11th January 2011, 16:40

if you are still following this, by far the most operations are of the kind:
for r = 0 to nrrows
for c = 0 to nrcols
do somthing

are tghese for loops expnsive and can it be done more efficient?
thanks

edit: I see there is tons of this on the internet, I''ll start reading...

>>snippet from previous message
This type of models typically simulate the water balance for gridded maps of 500x500 cells and use some 400 steps to do that<<

It's the work done in the loops that can get expensive, with the possibilibty of each of the 400 steps processed serially. Without changing the core of your the application, apply const to all the variables that should be/are constant, especially inside those loops.

How long does it take to process a typical model?

pkohut

11th January 2011, 18:46

In the code you have these macros defined

#define Drc Data[r][c]
#define DrcOutlet Data[r_outlet][c_outlet]
#define MV(r,c) IS_MV_REAL4(&Mask->Data[r][c])
#define FOR_ROW_COL_MV for (int r = 0; r < nrRows; r++)\
for (int c = 0; c < nrCols; c++)\
if(!IS_MV_REAL4(&Mask->Data[r][c]))

#define FOR_ROW_COL_MV_CH for (int r = 0; r < nrRows; r++)\
for (int c = 0; c < nrCols; c++)\
if(!IS_MV_REAL4(& ChannelMask->Data[r][c]))
Normally, not a big fan of macros, but in this circumstance they work well.

With the exception of any code that relies on variables r and c directly (looked like only a few), the macros can be changed and loops simplified (flattened). How much of a speed up is unknown. I'd change a few functions and benchmark to see if the effort is worth it.

// return the row and col index, computed from input idx and nCols
void RowColFromIndex(int & row, int & col, int idx, int nCols)
{
row = idx / nCols;
col = idx % nCols;
}

// return the flat index computed from inputs row, col, nCols
int IndexFromRowCol(int row, int col, int nCols)
{
return row * nCols + col;
}

#define DrcIdx Data[rIdx][cIdx]
#define FOR_ROW_COL_MV for (int idx = 0; idx < nrRows * nrCols; ++idx)\
int rIdx, cIdx; \
RowColFromIndex(rIdx, cIdx, idx, nrCols); \
if(!IS_MV_REAL4(&Mask->Data[rIdx][cIdx]))

#define FOR_ROW_COL_MV_CH for (int idx = 0; idx < nrRows * nrCols; ++idx)\
int rIdx, cIdx; \
RowColFromIndex(rIdx, cIdx, idx, nrCols); \
if(!IS_MV_REAL4(& ChannelMask->Data[rIdx][cIdx]))

So, basically anywhere variable r and c are used need to be changed to rIdx and cIdx (using rIdx and cIdx helps find errors while porting).

wysota

11th January 2011, 19:50

All those loops can be easy paralellized. These that don't depend on the order of calculations can be done with QtConcurrent or with a simple OpenCL kernel. Those that depend on the order of execution are a bit more tricky but I'm sure they can be sped up as well. If you use OpenCL you can get a speed-up in the magnitude of 10-50x. With QtConcurrent the speed-up depends on the number of cpu cores (so it's probably around 2-4x max). There is also a possibility to use SIMD optimizations available in your CPU such as SSE.

pkohut

11th January 2011, 21:10

wysota

11th January 2011, 21:38

While technically true, there is no free lunch. "easy paralellized" "simple OpenCl kernel", again are dependent an the OP's capabilities and understanding of parallel programming issues.

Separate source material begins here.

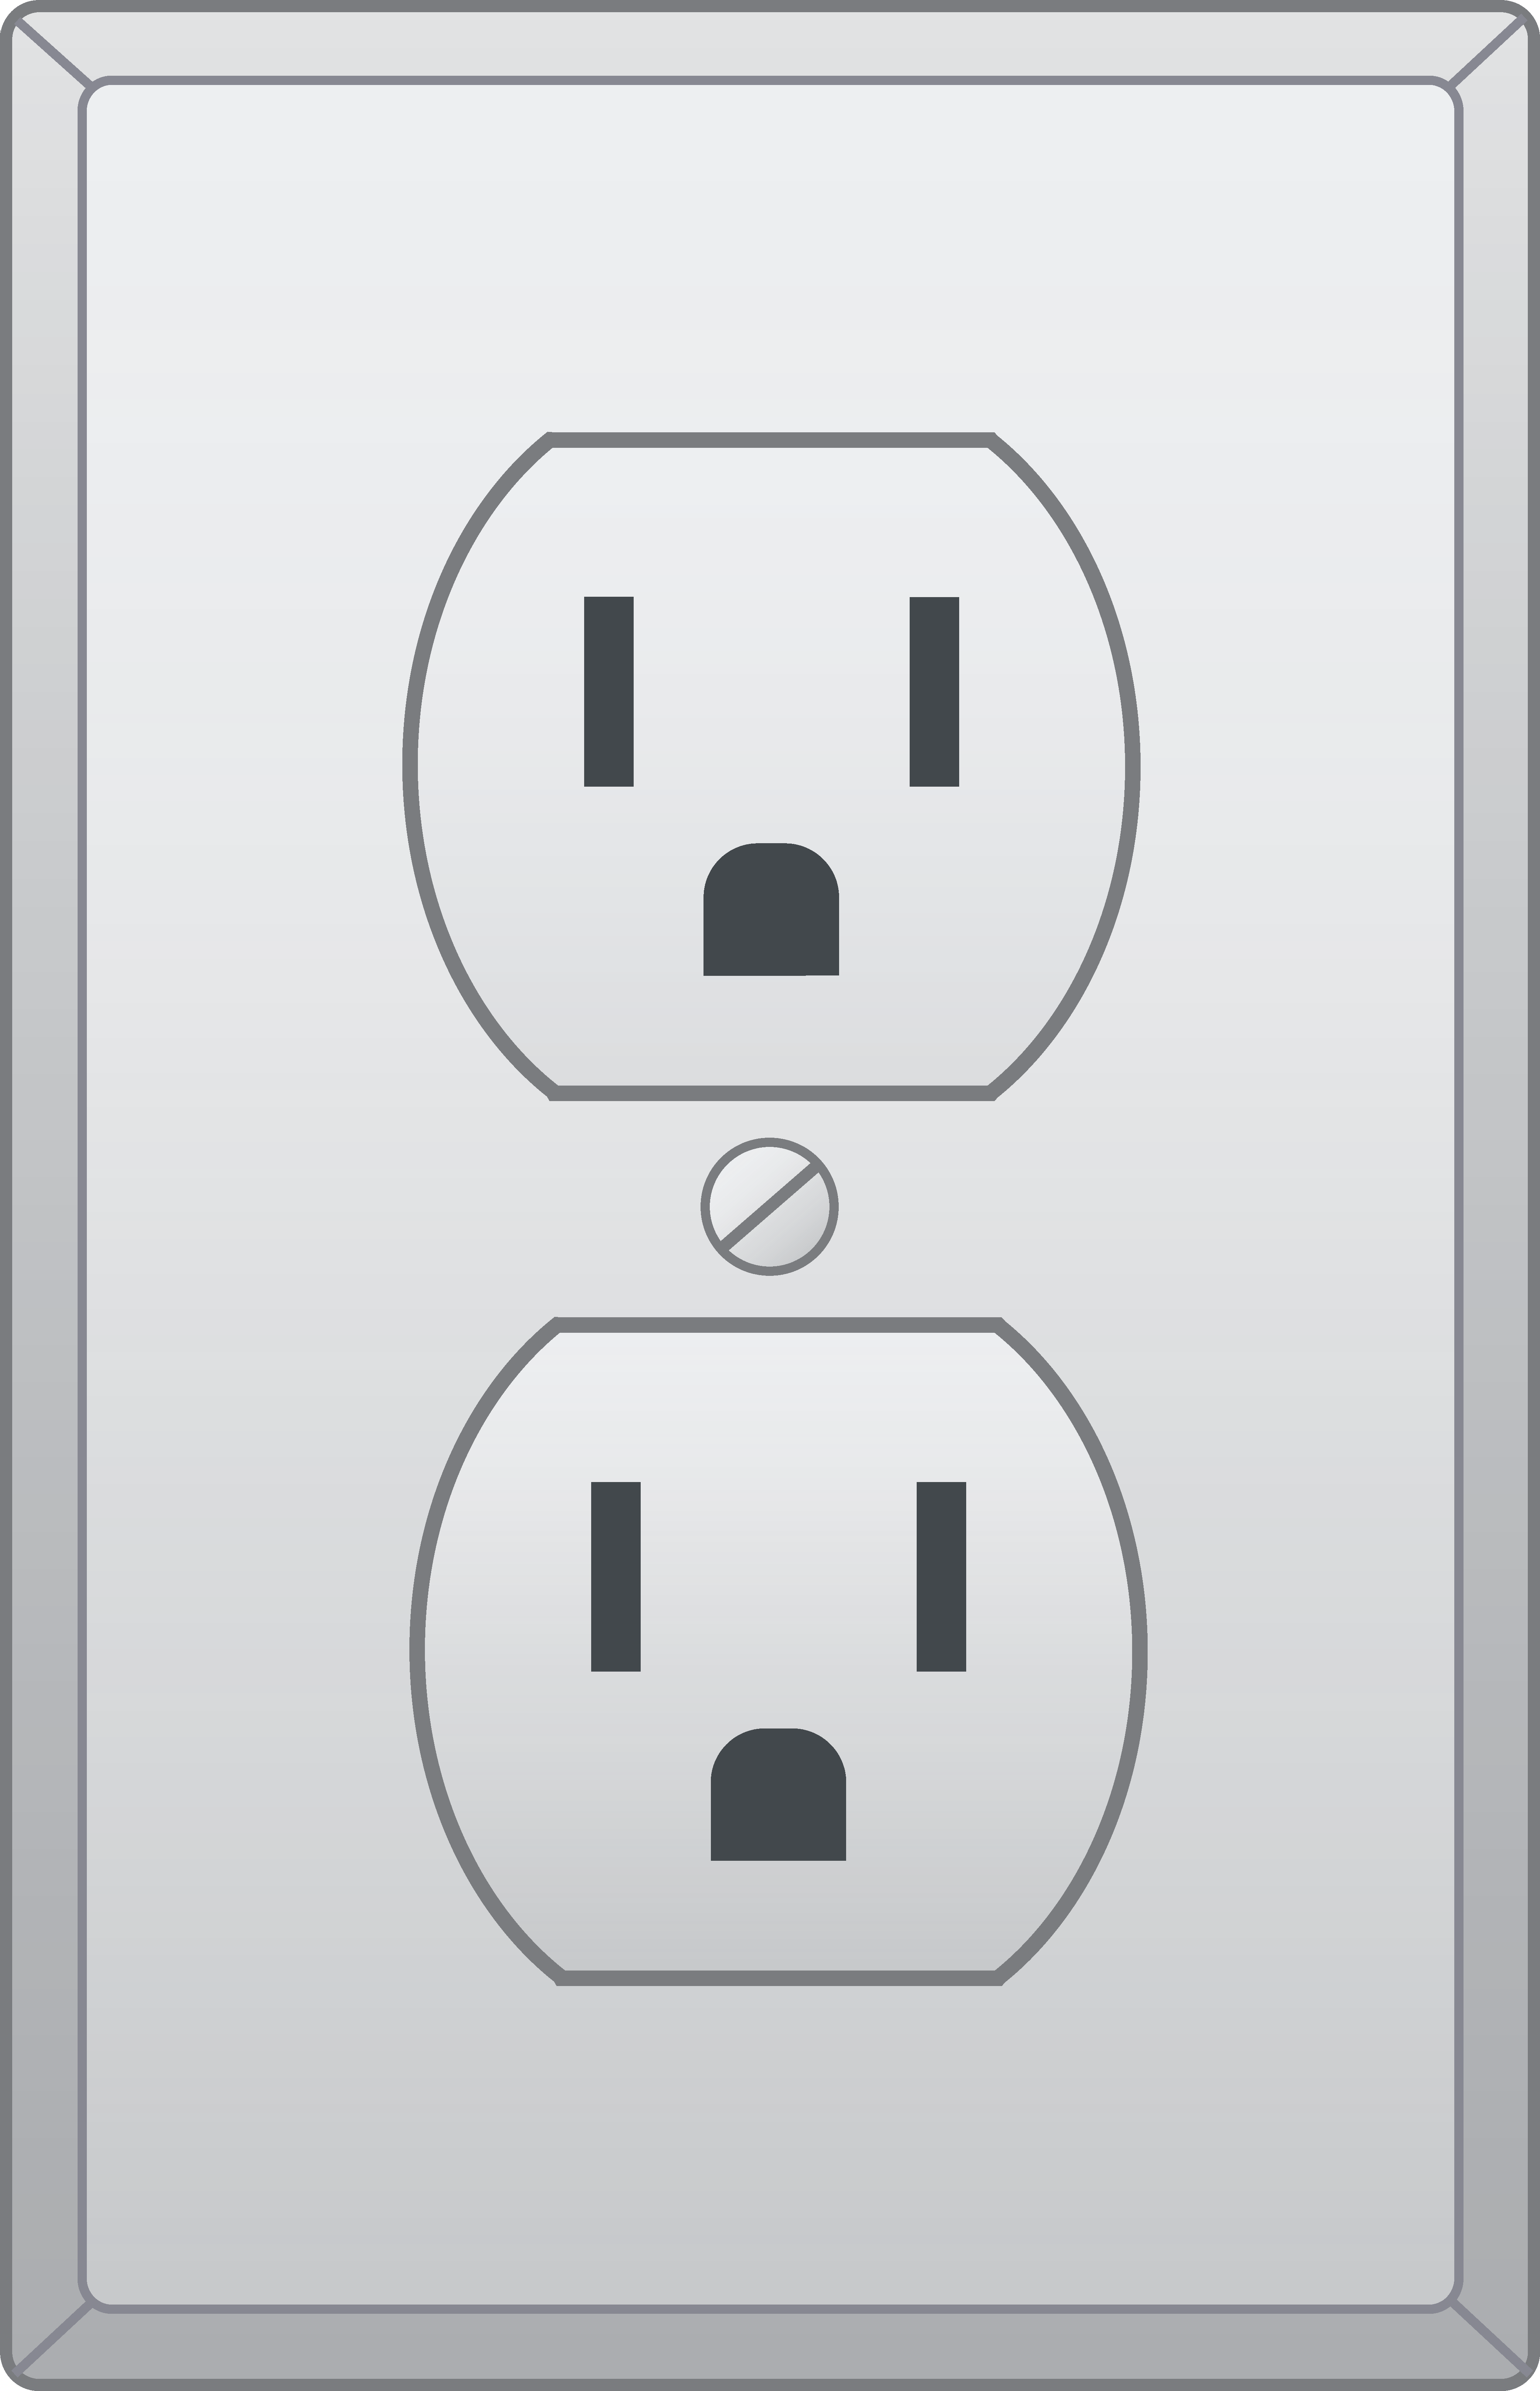 American, electric, electricity, energy, female, outlet, plug 
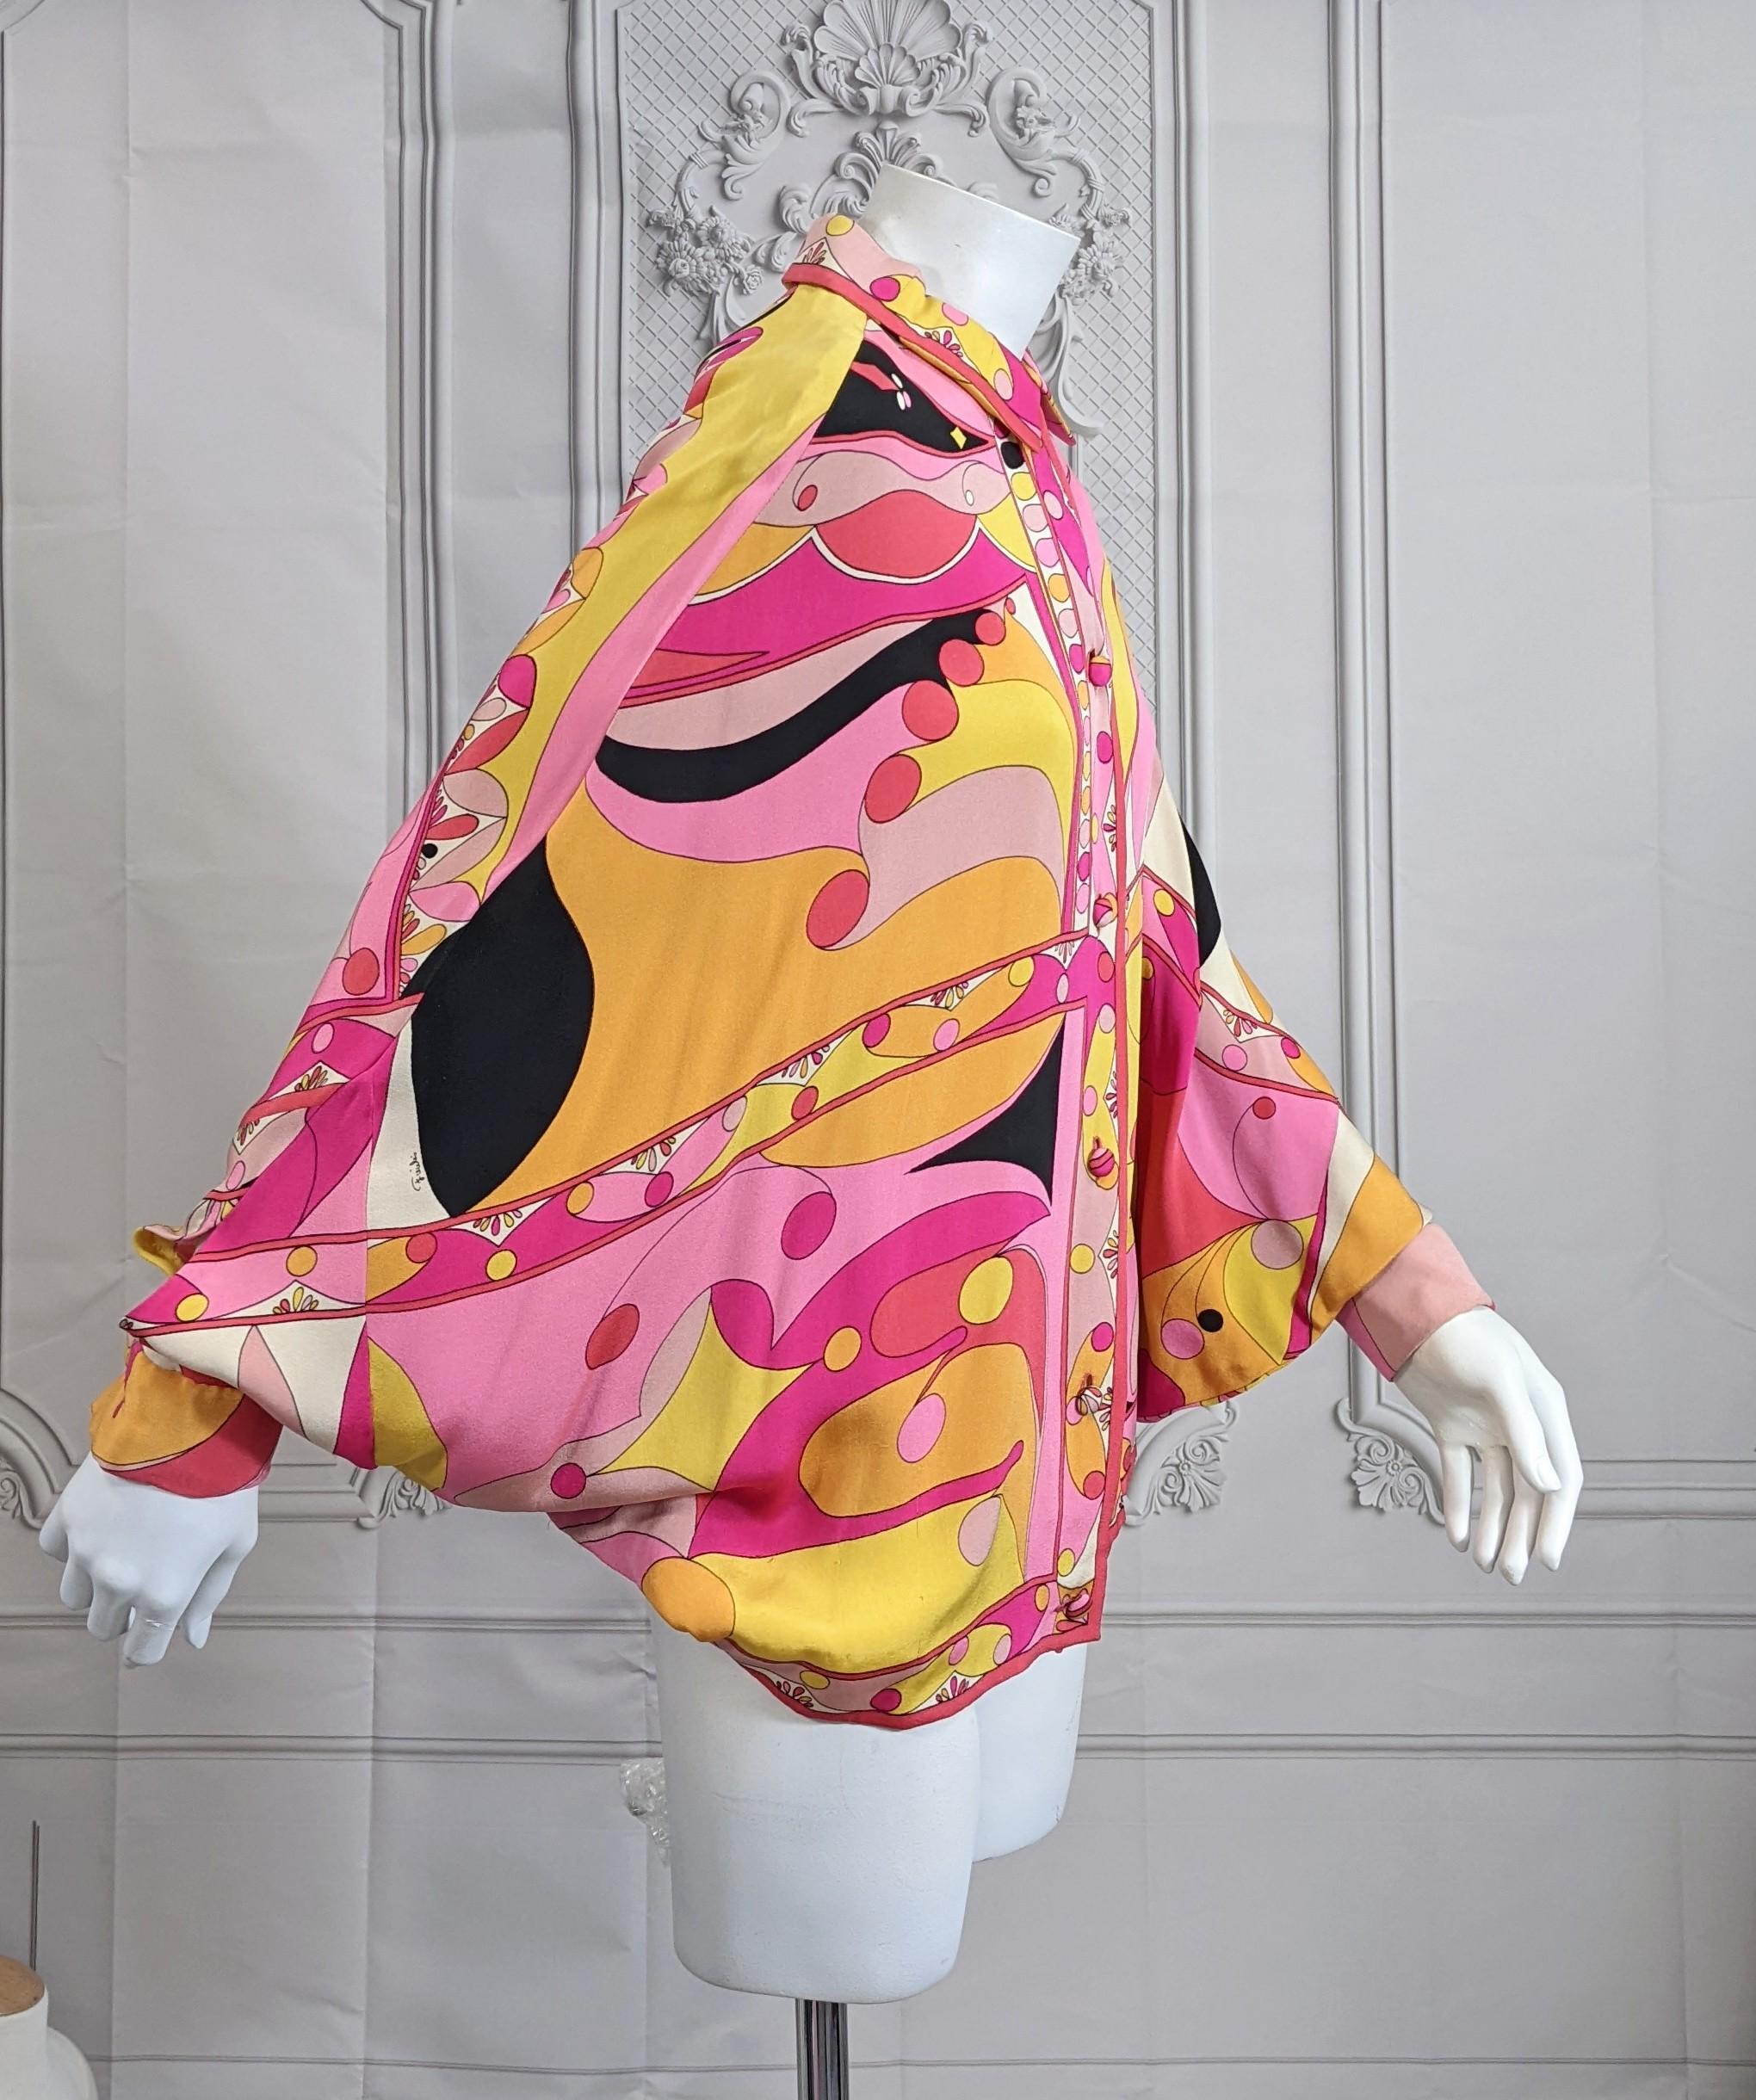 Emilio Pucci Silk Crepe Bat Wing Blouse In Excellent Condition For Sale In New York, NY

It's not that bad. If you have a for loop such as the following:

for(int r = 0; r < rows; ++r) {
for(int c = 0; c < cols; ++c) {
doSomething(r,c);
}
}
Can be rewritten as

QFutureSynchronizer<void> waiter;
for(int r = 0; r < rows; ++r) {
for(int c = 0; c < cols; ++c) {
waiter.addFuture(QtConcurrent::run(doSomething, r, c));
}
}
waiter.waitForFinished(); // or do something else in the meantime

This doesn't require any skills and provided that doSomething() does more than just add two ints together, you will get a decent speed improvement on a multicore system. Of course there is a good chance the loop can be substituted with a flat call to QtConcurrent::mappedReduced(). OpenCL is more tricky although I see the OP's calculations are mostly simple vector operations (additions and multiplications) so the code doesn't need many changes.

qt_gotcha

21st January 2011, 09:15

thanks for the help and suggestions guys, I really apreciate it.